In a few hours, my dentist will pry the crown off Tooth 19. Rolling the stone from the tomb: that’s how I think of it, exhuming a part of my skeleton I thought long-since buried. It’s not a dental procedure. It’s an autopsy. He is looking for signs of infection in the pulp my previous dentist left behind. Pulp. Living tissue entombed by gutta percha filling.
In its own way, it’s a resurrection. How do I know the pulp was always there? How do I know it hasn’t reappeared? I am not ready to reveal all the endodontic details that have led me to this thinking, but I see it as confirmation that my magic spell is working.
Not that I anticipated my teeth coming back to life. Not that I wanted my root canals re-done. But still. The poetry of this side effect pleases me. Magic has consequences. Messing with the timeline has consequences. Resurrection has consequences.
Of course it does.
“See how your roots curl and twist,” the dentist said last week when he examined my x-rays.
(x-ray of tooth 19 — on a side note, I realized too late that I sent the x-ray for the opposite side of my mouth to DIAGRAM for Partial Match, linked at top also … well, no bother. They are both screwed up.)
Don’t I ever, I thought.
He traced his finger down one of the tentacles and stopped where the radiopaque trail did, abruptly, like a gutta percha highway that never got completed. A dead end. Except, not dead. Alive. And that’s the problem. “As long as there’s pulp in there, you are at risk of infection,” he said. “It could break the teeth apart.” Teeth, plural, because I have a mouth full of unfinished root canals. My teeth are always breaking thanks to epilepsy and the medications for it. It’s only a matter of time before one of them turns electric, like a fluorescent bulb flickering on, except instead of radiating light, radiating pain.

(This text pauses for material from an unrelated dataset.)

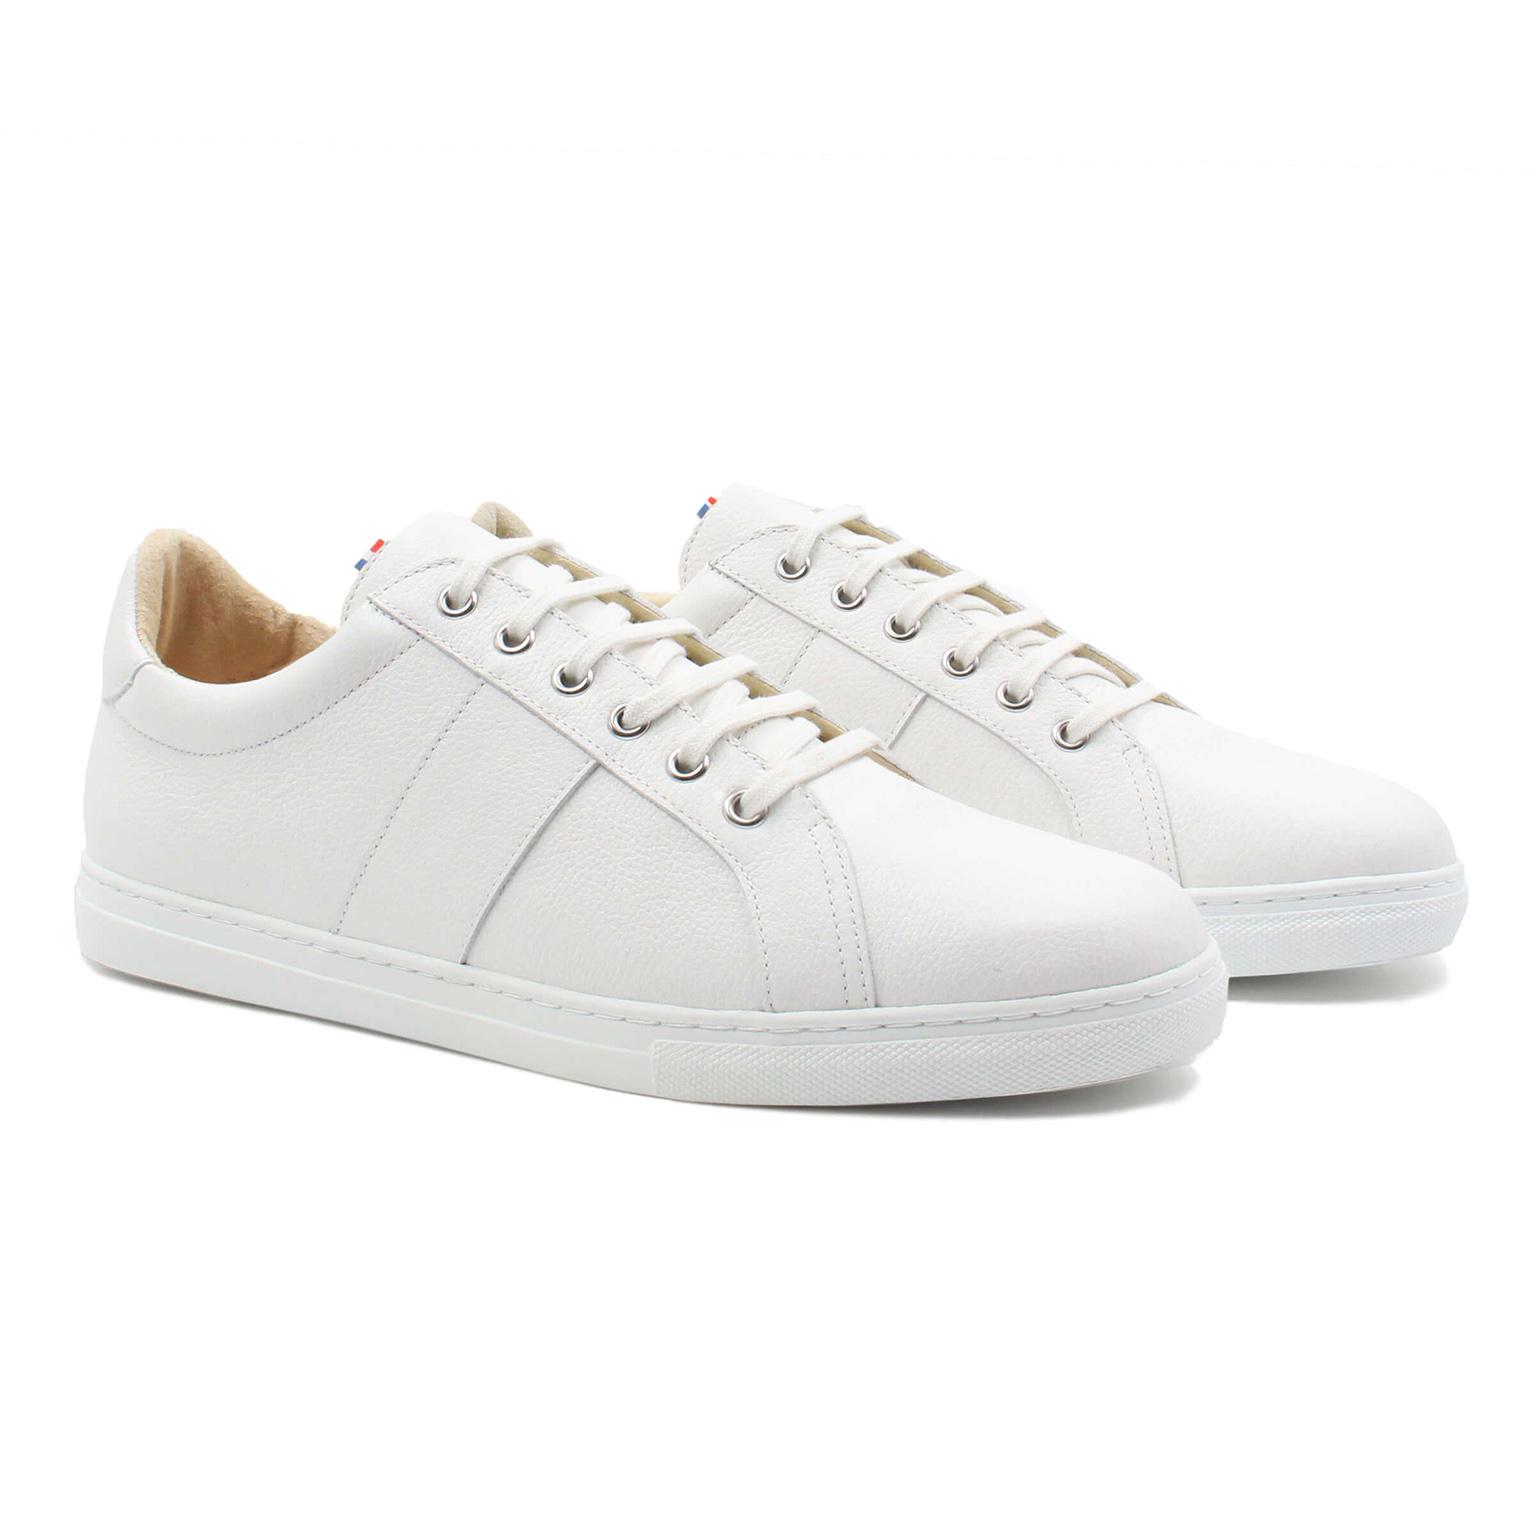 sneakers jules jenn

But pain is a kind of light.
I have always thought these teeth — Tooth 19 in particular — were haunted. They ache even though they shouldn’t, a phenomenon I have always called “phantom pain.” My previous dentist dismissed it. “Dead teeth do not hurt,” he said. “That’s the wonder of root canals.”
It’s also the danger of them. If bacteria get left behind or invade, you don’t feel the infection until it’s too late.

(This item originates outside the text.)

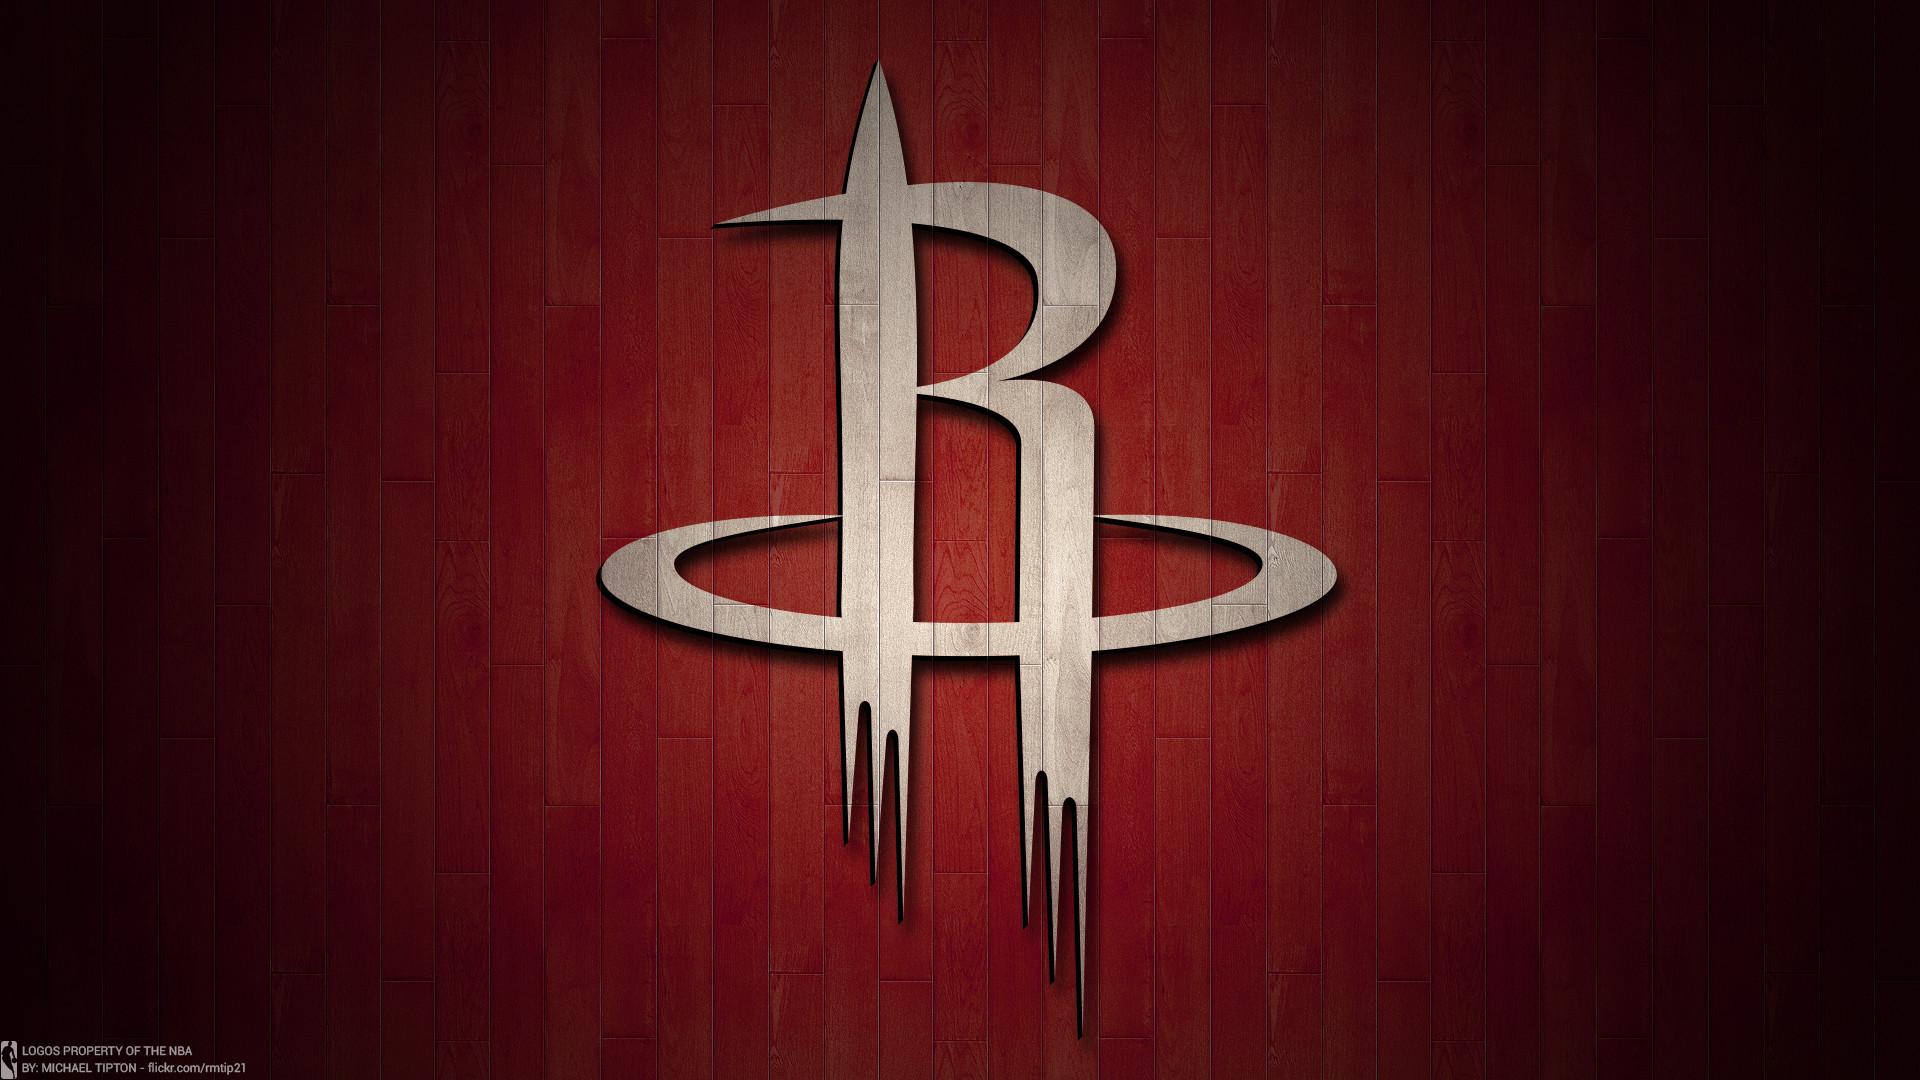 HOUSTON ROCKETS basketball nba (40) wallpaper background

Maybe the pain was jaw sprain, I began to believe. But now I wonder if it wasn’t the stirrings of something else.
“If you had said it bothered you from sweets or cold, I would say that’s in your head,” my new dentist said. “But the ache? There’s good reason for that. This tooth is alive.”
It’s not just the tooth. The crown on Tooth 19 is all wrong. Always has been wrong. See that little shelf hanging over the edge? Food and bacteria have gotten caught in it–like a trap, like it’s luring them there–and the tooth is decaying. It could shatter. It might not even make it through this procedure. We will see. The gum area around it is inflamed, which is pushing my teeth apart.
Pushing my teeth apart.
It’s almost as if the tooth is erupting all over again from my gums.
“That will make your jaw ache, too,” my dentist said.
What do you expect, when you don’t seal the tomb?